Cette tension entre la transparence comme diffusion d’informations et la transparence comme mise en visibilité des processus traverse l’ensemble des initiatives de ce type. Les « seules » données nous disent bien peu, car ce qui importe est davantage lié à leur élaboration (collecte, manipulation, traitement, etc.) et aux différents acteurs impliqués dans leur divulgation (équipe interne, infomédiaires, etc.). La métaphore et la rhétorique de la transparence restent tenaces dans la communication des organisations. En témoigne l’exemple du « Google Transparency Project » (2016), une campagne étudiant les relations de Google avec les mondes académiques et politiques. Dans ce contexte de suspicion généralisée, l’honnêteté de ce projet de transparence est mise en question par les investigations du journal Fortune28 révélant que la campagne est en partie financée par la firme Oracle, régulièrement en procès avec Google. Le théâtre de la transparence se mélange au théâtre des batailles économiques, et l’aveuglante lumière de la transparence se révèle être un instrument au service du management des impressions29. Comme le disent les designers du studio Metahaven, la transparence devient un écran de fumée, une évanescente black transparency30 – où quand la transparence de l’un devient la propagande de l’autre.

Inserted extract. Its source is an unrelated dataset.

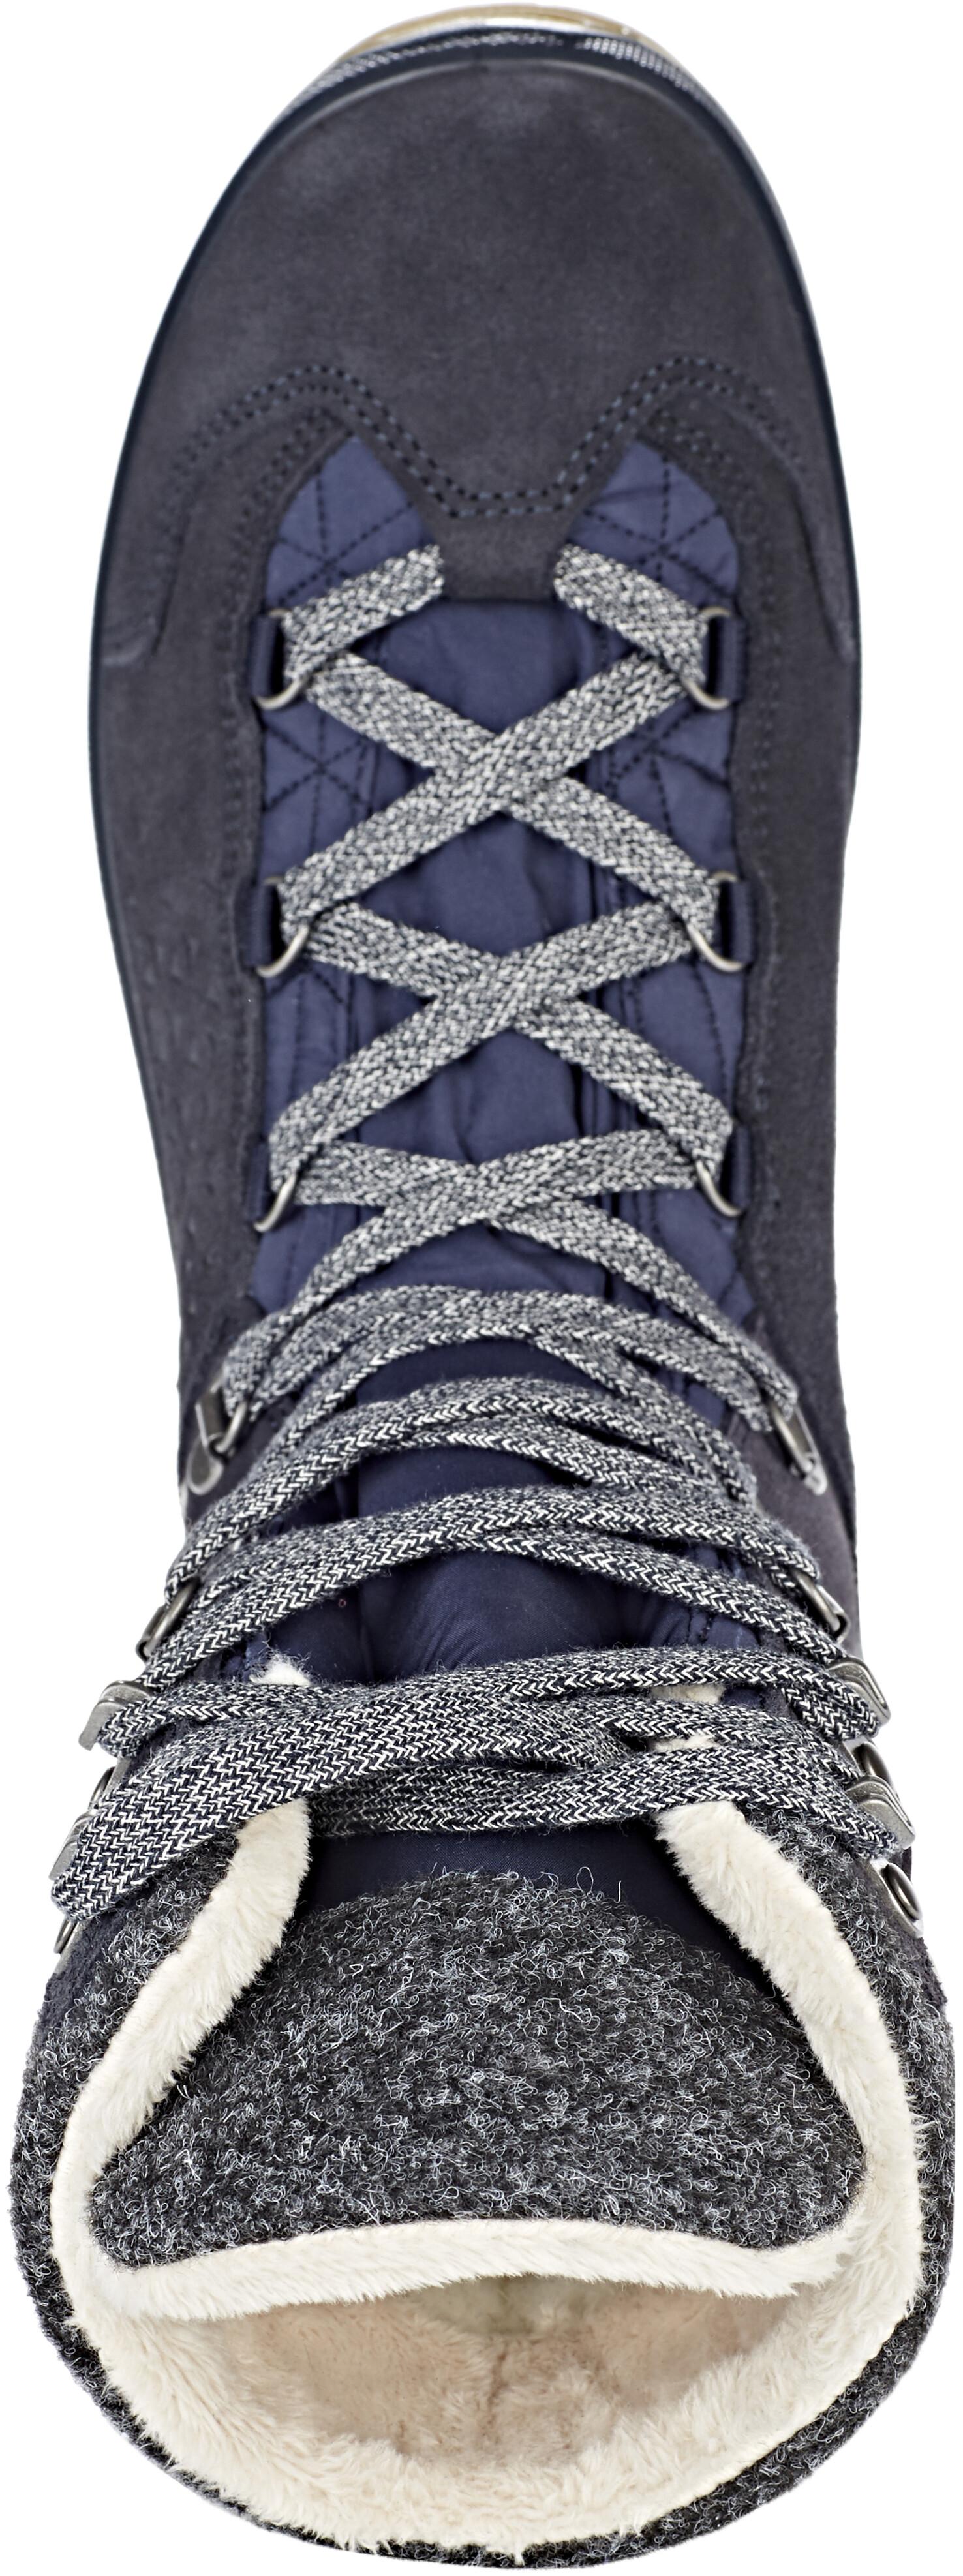 518be3e8b12a5e Lowa Barina II GTX Boots Women blue at Addnature.co.uk

De la rémanence du « voir c’est savoir »
à l’incertitude du « interagir c’est savoir »

Troisième paradoxe : alors que la recherche de transparence dans les interfaces graphiques crée de l’opacité et que la mise à disposition de données brutes échoue à avérer des logiques de pouvoir souterraines, il pourrait être tentant de voir dans la construction d’interfaces interactives le moyen de donner au citoyen la capacité d’interpréter des situations complexes. Censée stabiliser une relation de confiance, l’interaction crée pourtant beaucoup d’incertitudes sur la bonne réception des informations.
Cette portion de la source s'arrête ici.